Todo esto sucedía normalmente cuando el juez instructor y su inspección sobre el terreno, las diligencias de la policía, escapaban a la frenética indiscreción de los medios de comunicación. El juez no se expresaba más que en sus conclusiones. Pero, espiado por los periodistas, revela su hipótesis mediante sus silencios o su actitud. Sobre todo hace declaraciones; y en Francia, por ejemplo, aparece en las pantallas de televisión, con frecuencia satisfecho de sí mismo. Sin duda practica la reserva mental, pero ¿cómo imaginar que, en caso de error, sea capaz de renunciar a su hipótesis tras haberla, en cierto sentido, pregonado?
En los sistemas judiciales más formales, el magistrado no sólo tiene en cuenta el Estado de derecho, sino que también presta atención al de las costumbres. Imaginemos, por tomar un ejemplo alejado del tema que nos ocupa, el problema que se plantearía en una ciudad donde, a pesar de los pasos de cebra y los semáforos, se tuviera la costumbre desde tiempo inmemorial de cruzar las calles por cualquier parte y cada peatón se considerara libre de ir a su aire. El jefe de la policía municipal se jubila y le sustituye un joven justiciero que, sin, previo aviso, de la noche a la mañana, exige a sus agentes que castiguen con multas a todo el que ose deambular a su aire. Un viejo comisario le sugiere que llene toda la ciudad con carteles en los que se anuncie la próxima exigencia del cumplimiento estricto de las normas. Las multas llueven y cunde el descontento. ¿Dónde está la justicia? ¿Dónde está la verdad? Tengo tendencia a pensar que el viejo comisario es más sensato que el jefe de la policía municipal.

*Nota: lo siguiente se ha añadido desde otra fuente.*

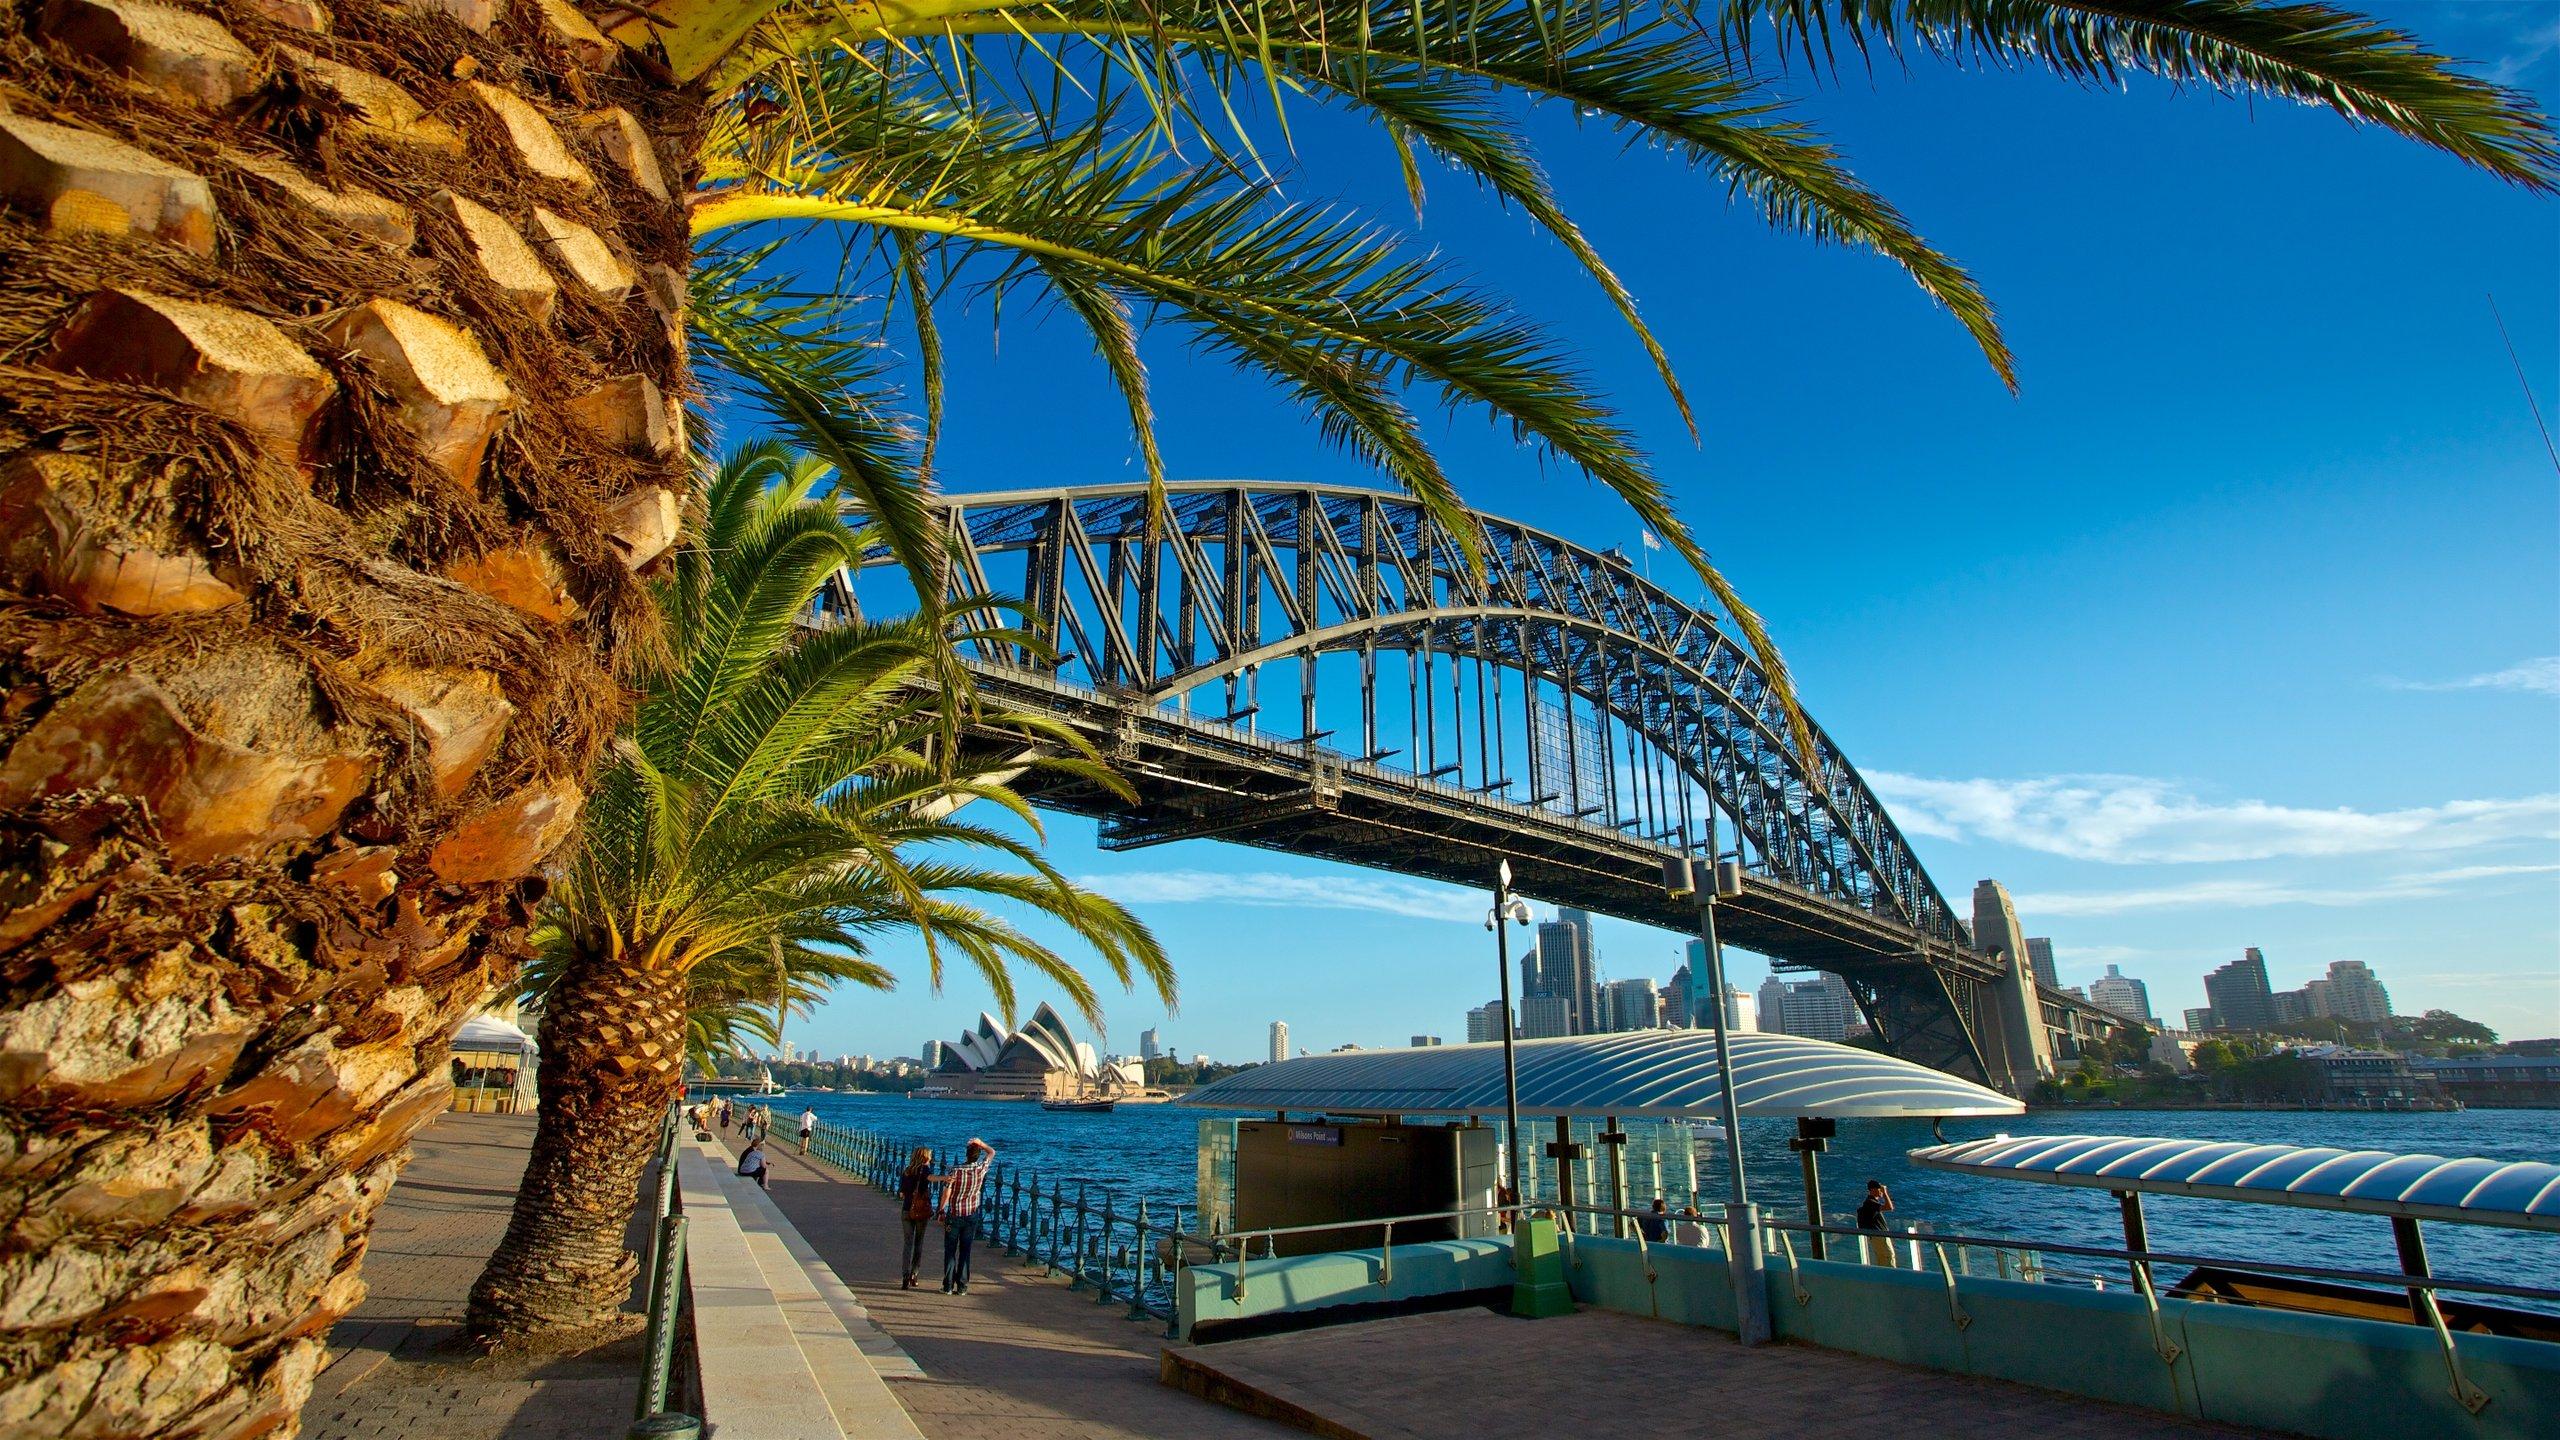 295091-Sydney-Harbour-Bridge.jpg (2560Ã?1440)

Tomemos el caso de Italia. Es clamoroso. Todo hace pensar que al día siguiente de la guerra -y del hundimiento del fascismo- el Partido Comunista podía tomar el poder y ejercerlo según sus criterios de entonces. Su éxito en el norte de la península inquietó enormemente a los dirigentes de la Democracia Cristiana, a quienes todo les parecía bien con tal de evitar una aventura así. Con el apoyo del Vaticano, y también de la CIA, imaginaron una estrategia con base en el sur, más sometido a la influencia de los curas. Y esta estrategia exigía una alianza con las múltiples redes, generalmente de carácter local, que dividían en zonas y organizaban la sociedad del Mezzogiorno. De este modo, se reconoció a la Mafia como socio. Y así Italia no cayó en un proceso que, en perspectiva, aparece hoy como susceptible de haberla conducido entonces al destino de Yugoslavia. ¿Quién dirá que esa elección estratégica era discutible? ¿Pero quién osará decir que ese encuentro del vicio y la virtud podía conducir a algo que no fuera la derrota de ésta, puesto que la democracia estaba cada vez más sometida a la influencia oculta de aquellos que, habiéndola salvado, exigían consideración y recompensa?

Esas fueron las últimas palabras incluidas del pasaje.